After the Sora cooling off period, we are more concerned about what the combination of AI XR can bri

Mondo Technology Updated on 2024-03-07

Text VR Gyro.

It is undeniable that OpenAI can always create explosive models.

Just before the end of the Chinese Lunar New Year holiday, OpenAI once again dropped a bombshell on social **. The advent of the new artificial intelligence system, SORA, heralds a radical change in the way modern content is created.

Source: SORA

According to OpenAI, Sora can not only generate text prompts that take up to a minute, but also generate them from still images, or fill in the gaps by extending existing ones or by generating missing frames.

Although the model is currently only in the application for internal testing, judging from the reactions of social ** at home and abroad and the examples provided by the official, the ** generated by SORA surpasses the "predecessors" in this field in terms of quality and reliability, showing a strong momentum to become the next ChatGPT.

Of course, there is some hype in this, but it is undeniable that behind the explosion of SORA is people's national carnival of the fourth major technological change after the information revolution, and another milestone in the evolution of "multimodal true artificial intelligence" appears at the beginning of 2024.

After the launch of SORA and its technical report, OpenAI's high-level effect of 60 seconds long, high-definition, controllable images, and multi-angle switching** has gone viral on social networking at home and abroad.

Under the magic of Sora, people know for the first time that AI-generated ** can be so realistic.

Even if it is integrated into the documentary, there is no sense of disobedience (Source: SORA).

You know, the ** generation effect of AI in 2023 is still like this:

Realistic, but apparently, the object is inflexible (Source: pika).

In just the past few months, the text generation technology has achieved a leap from 5 seconds to 60 seconds, from animation to documentary quality, which makes no one sweat.

Realistic visuals and "the future is here" social ** viral marketing have made Sora the most breakthrough in the AI field at the beginning of 2024, and the limelight even overshadowed Gemini 1, which was released almost at the same time5. For a while, both the entertainment sector and the technology sector were full of Sora's figure.

A year ago, an AI-generated Will Smith eating noodles went viral on the Internet, with the number of the noodles on Twitter alone exceeding 8 million.

A year later, Will Smith uploaded a ** on his Instagram after Sora swiped the screen, with the accompanying text "It's getting more and more out of control".

As you can see, the screen is divided into two sections: the upper half shows the AI from a year ago, and the lower half shows the current AI

Source: x Although everyone soon found out that this was just Will Smith playing a meme, **The second half was not generated by AI, but recorded by himself, but many netizens shouted that they were deceived: "The most creepy thing is that you can't tell if this is a performance or an artificial intelligence generated." ”

This also proves from the side that the emergence of SORA has made people begin to believe that **generative AI can be fake and real, and the moment for AI to replace **editing seems to have arrived. In another demo** released by Sora, it can be seen that the biting movements of the characters during eating, the notches on the burgers and the tooth marks are all the same as the laws of reality, which are not at all comparable to the terrifying effect of Smith eating noodles a year ago.

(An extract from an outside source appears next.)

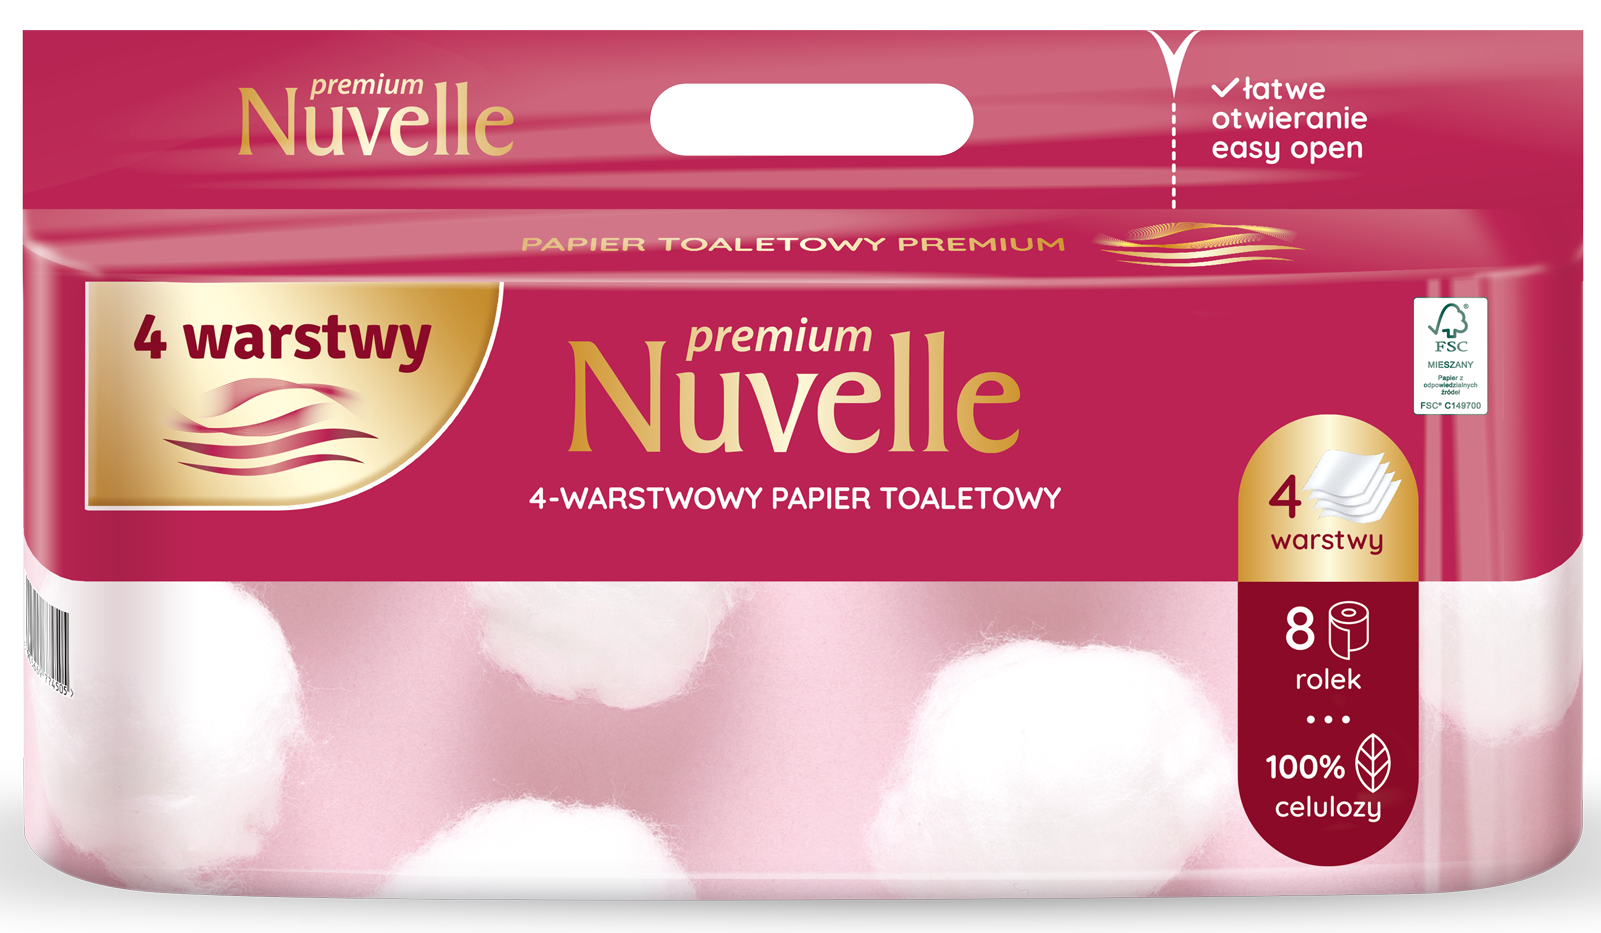 Papier toaletowy Nuvelle Premium 4 warstwy 8 rolek

The burger is flawed, but the tooth marks are very restored (Source: Sora).

However, no matter how good the generation effect is, there will always be people who can find flaws in it. After analyzing the demos generated by SORA, many people in the film and television industry said that although SORA has excellent performance in terms of image quality, detail, light and shadow and color, it cannot be directly used in film and television works at present, because it still has deficiencies in involving lens movement angles and finer content control.

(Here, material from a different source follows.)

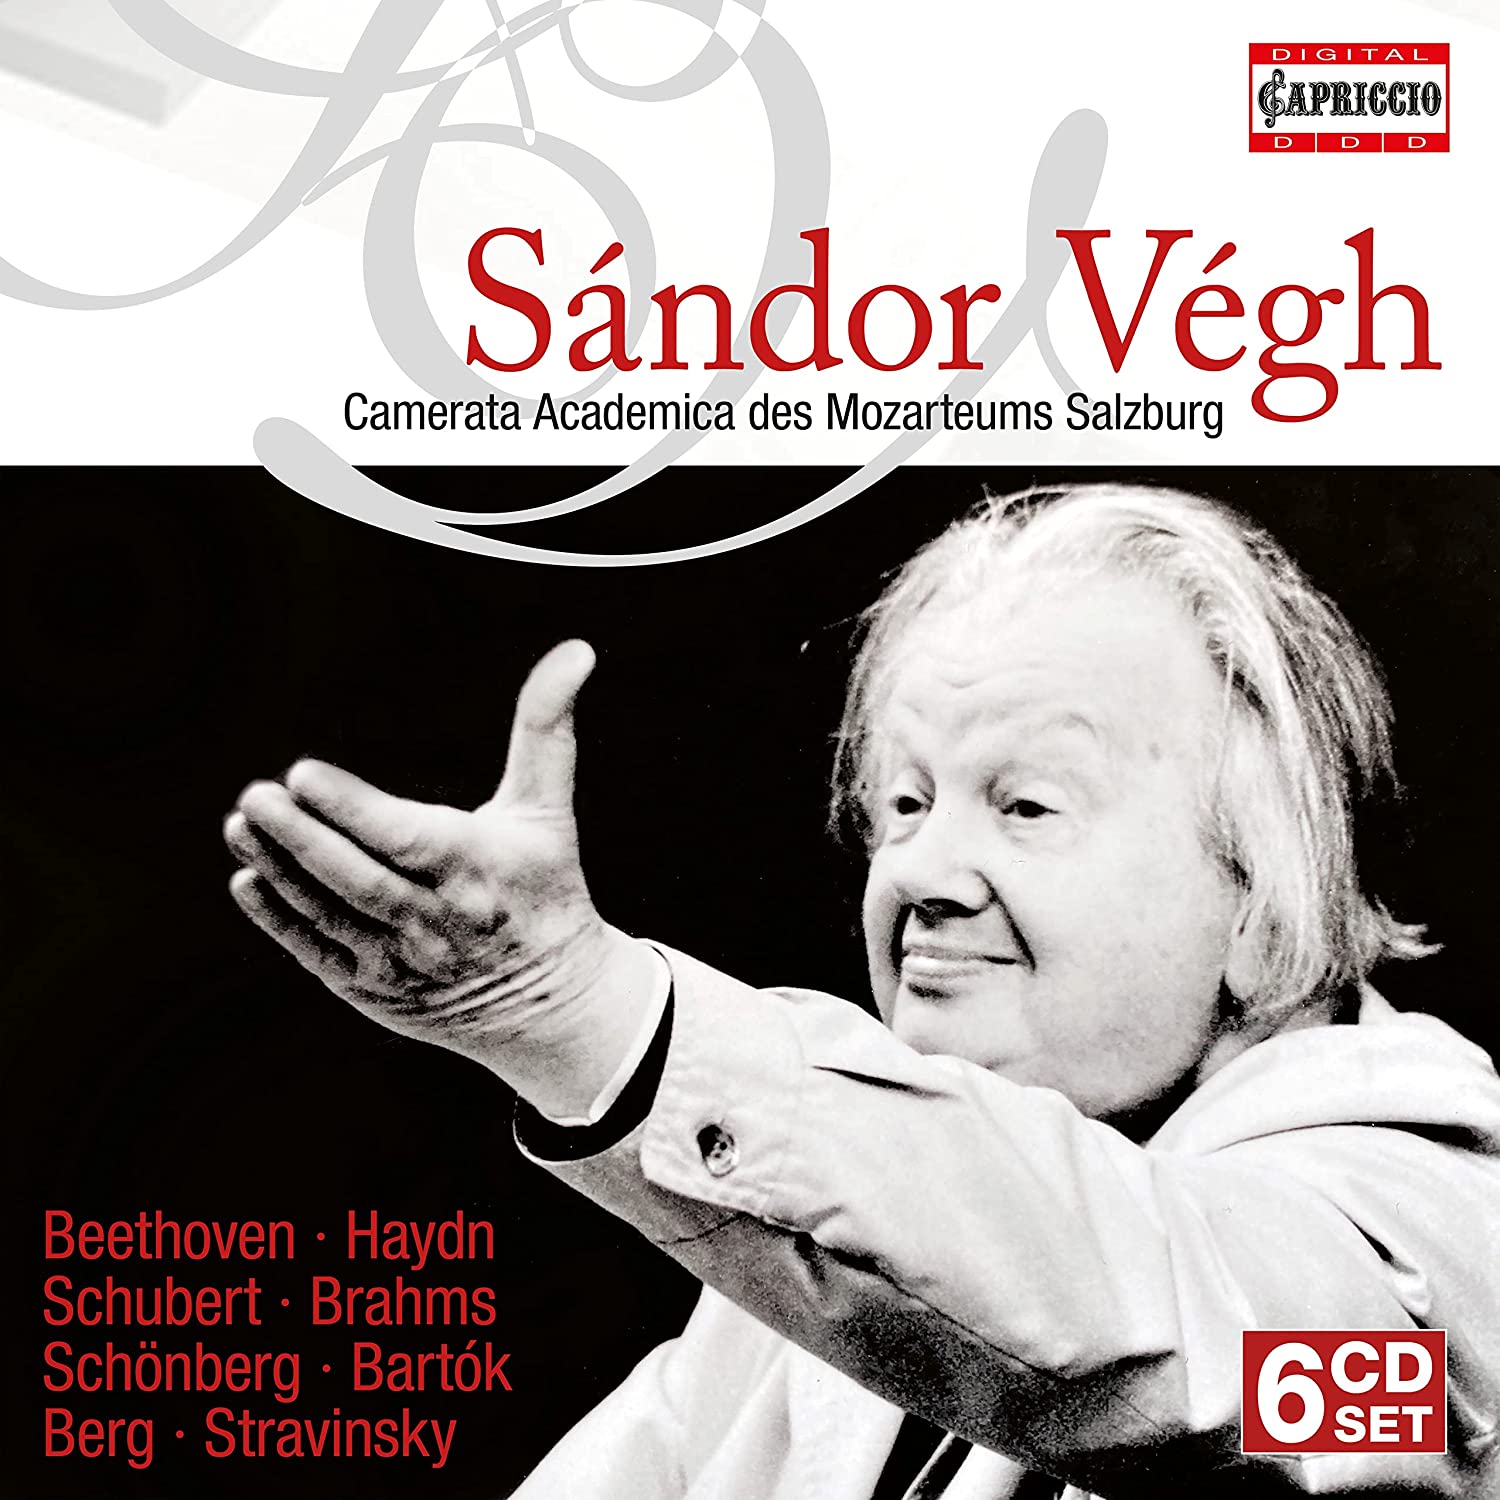 Audio Cd Sandor Vegh: Dirigiert Beethoven Haydn Schubert Brahms Schonberg Bartok 6 Cd NUOVO SIGILLATO EDIZIONE DEL SUBITO DISPONIBILE

An obvious case comes from this **, in which the character is running in reverse on a treadmill, and Sora obviously doesn't understand the laws of movement yet.

Source: SORA

Another corroboration is the four-legged ant, and Sora knows what image represents the word ant, but the understanding of the complete ant image is still insufficient.

Source: SORA

However, even if SORA is not perfect, the generation effect is shocking enough, and it is widely believed in the industry that SORA can be used for pre-film and television development such as concept design.

Coupled with OpenAI's commitment to actively improving SORA's immaturity and the launch of AI voice cloning startup Elevenlabs to solve a series of problems of SORA's "missing voice", after breaking through the boundaries between reality and virtuality, SORA will bring more innovation and breakthroughs to the film and television industry in the future.

SORA is not the first text generation AI model to come out, but why is it that only SORA has become a phenomenal global hit?

Fundamentally, one is the cross-level leap of first-class quality, and the other is "unexpected core technology".

Among them, the quality of SORA generation is obvious to all, and the coherent generation time of 60s alone is not comparable to Runway and Pika. The reason for the fault-type leading quality is considered by industry insiders to be the strength of the core technology.

The three model generation effects shown by the blogger "Daily News" (source: x).

Li Mu, a domestic deep learning expert, believes that SORA is similar to the moment when GPT2 is upgraded to GPT3 in the generation world, and the DIT ratio of the model may not change much from the previous work, but it uses hundreds of times the computing power, which is a miracle. The VIT, DALL·E, DiffusionMethods, and VAE based on this model are not new technologies, and I believe that the academic and open source communities will soon follow up with this kind of demo application.

Different from Runway and Pika, SORA uses the Transformer solution, which has been very useful on GPT before, in the field of diffusion model, and uses the strong contextual understanding ability of the text model for the "frame generation" of diffusion**.

Source: SORA

To put it simply, SORA doesn't directly convert the text into each frame in the text, but completes the whole by processing each space timepatches.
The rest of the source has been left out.